Они умолкли и ожидающе уставились на начальника экспедиции. "Интересно, что они ожидают услышать от меня такого, что способно их успокоить? - недовольно проворчал про себя Скотт. - Да, мы действительно находились на той последней грани человеческой морали, когда готовы были прибегнуть и к такому шагу. Причем всю вину за это решение мне довелось бы взять на себя. Впрочем, ничего брать не пришлось бы; так или иначе, а все равно её взвалили бы на меня".

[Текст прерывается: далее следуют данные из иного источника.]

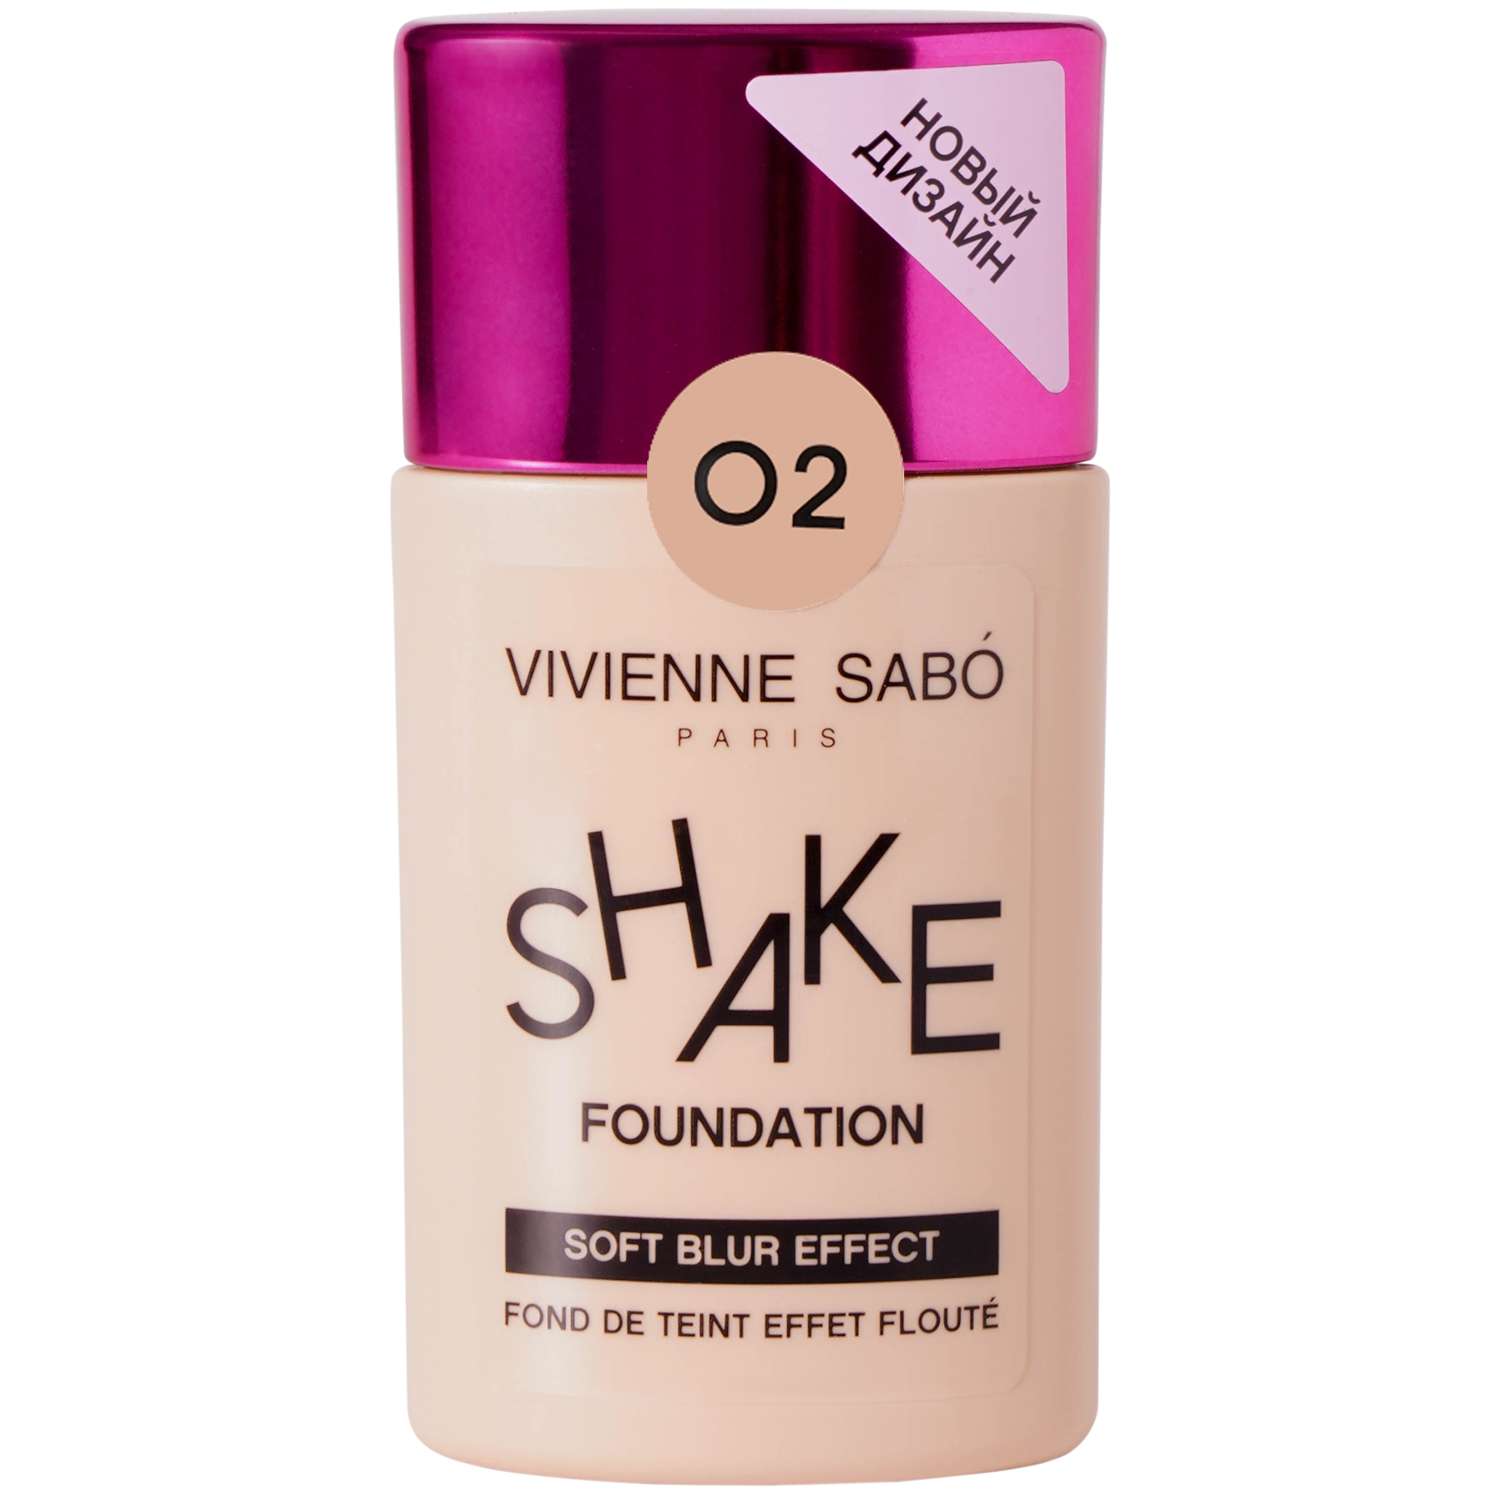 Тональный крем Vivienne Sabo с натуральным блюр эффектом Shakefoundation тон 02 - фото 1

- Не теряйте времени, джентльмены, уходим, - молвил Скотт. - А что касается ваших ощущений… Представьте себе на минутку, как бы мы все казнили себя, если бы действительно решились на такой шаг! - молвил Скотт.
- К тому же там, в Британии, многие попросту отказались бы понимать мотивы наших поступков, - поддержал его врач экспедиции.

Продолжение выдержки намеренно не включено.